# Trends in statistical methods in articles published in *Archives of Plastic Surgery* between 2012 and 2017

## Article information

## Abstract

This review article presents an assessment of trends in statistical methods and an evaluation of their appropriateness in articles published in the *Archives of Plastic Surgery* (*APS*) from 2012 to 2017. We reviewed 388 original articles published in *APS* between 2012 and 2017. We categorized the articles that used statistical methods according to the type of statistical method, the number of statistical methods, and the type of statistical software used. We checked whether there were errors in the description of statistical methods and results. A total of 230 articles (59.3%) published in *APS* between 2012 and 2017 used one or more statistical method. Within these articles, there were 261 applications of statistical methods with continuous or ordinal outcomes, and 139 applications of statistical methods with categorical outcome. The Pearson chi-square test (17.4%) and the Mann-Whitney U test (14.4%) were the most frequently used methods. Errors in describing statistical methods and results were found in 133 of the 230 articles (57.8%). Inadequate description of P-values was the most common error (39.1%). Among the 230 articles that used statistical methods, 71.7% provided details about the statistical software programs used for the analyses. SPSS was predominantly used in the articles that presented statistical analyses. We found that the use of statistical methods in *APS* has increased over the last 6 years. It seems that researchers have been paying more attention to the proper use of statistics in recent years. It is expected that these positive trends will continue in *APS*.

## INTRODUCTION

Evidence-based medicine (EBM) is an approach to medical practice intended to optimize decision-making by emphasizing the use of evidence from well-designed and well-conducted research [1]. The ability to understand sources of bias in the medical literature is required to practice EBM properly. Bias can occur from study design and/or the inappropriate use of statistical tests. Study design affects the choice of statistical methods. Moreover, statistics is deeply involved in all stages of research, from data collection to analysis and interpretation. An improper choice of study design and statistical techniques may lead to improper results and conclusions. Therefore, statistics plays a crucial role in evaluating the evidence of medical research.

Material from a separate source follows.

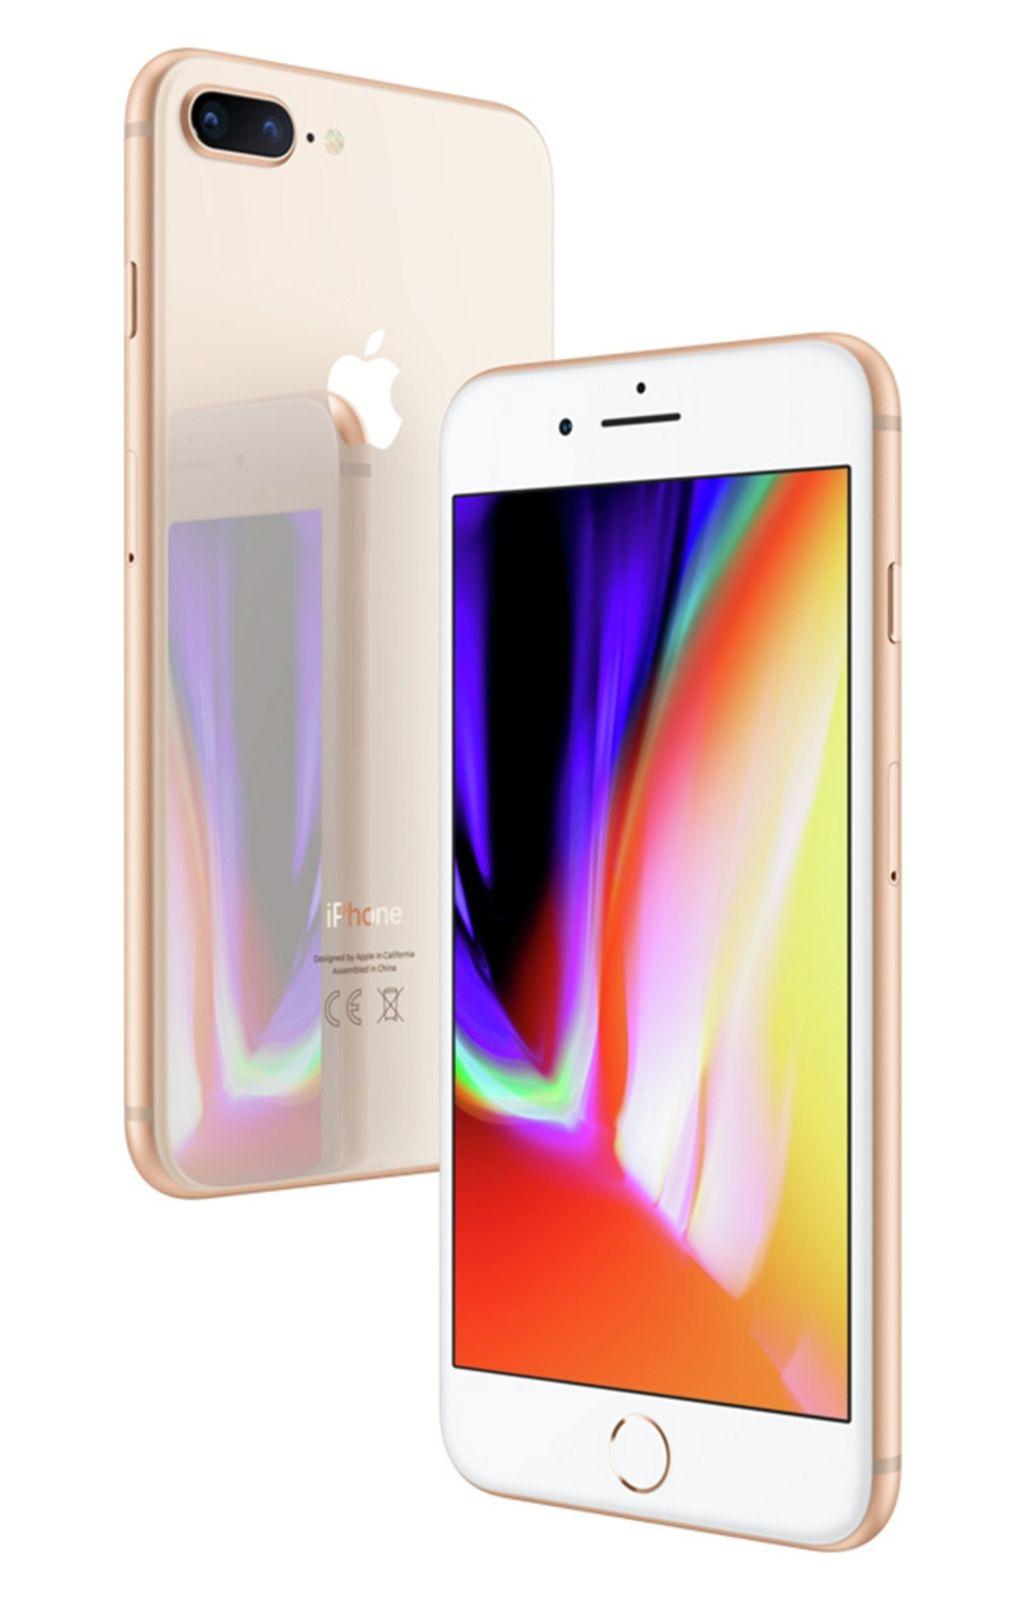 Refurbished Apple iPhone 8 Plus 5.5 Inch 64GB SIM Free Unlocked Mobile Phone - Gold, £387.99 at Argos/ebay

*Archives of Plastic Surgery* (*APS*) adheres to the guidelines and best practices of the International Committee of Medical Journal Editors (ICMJE). The ICMJE recommendations for statistics state that authors should describe statistical analyses with enough detail to enable a reader to verify the reported results and that authors need to provide appropriate indicators of measurement errors or uncertainty, such as confidence intervals, beyond the P-value [2,3]. Furthermore, they recommend specifying the statistical software program(s) and versions used.

The aim of this article was to assess trends in statistical methods, and to evaluate their appropriateness, in papers published in *APS* from 2012 to 2017. *APS* is the official journal of the Korean Society of Plastic and Reconstructive Surgeons and is published 6 times per year. Since 2012, it continues the *Journal of the Korean Society of Plastic and Reconstructive Surgeons*, which was launched in 1974. This review article provides an overview of recent trends in the statistical methodology used in *APS*.

## METHODS

This study is a retrospective literature analysis, neither approval from the Institutional Review Board nor informed consent was required.

We collected 388 original articles published in *APS* from 2012 to 2017. Case reports, ideas and innovations, review articles, and letters were excluded. Of these articles, 230 (59.3%) used statistical methods to analyze data and to report results. We classified them according to the types of statistical methods and software used, and checked whether there were errors in the description of statistical methods and results. We counted the number of statistical methods applied. When multiple statistical analyses were used in a study, each method was counted separately. The Cochran-Armitage trend test was used to assess the presence of linear trends in the percentages of statistical methods and statistical software used in the published articles by year from 2012 to 2017. R version 3.4.2 (R Foundation for Statistical Computing, Vienna, Austria) was used to perform the statistical tests, and P-values <0.05 were considered to indicate statistical significance.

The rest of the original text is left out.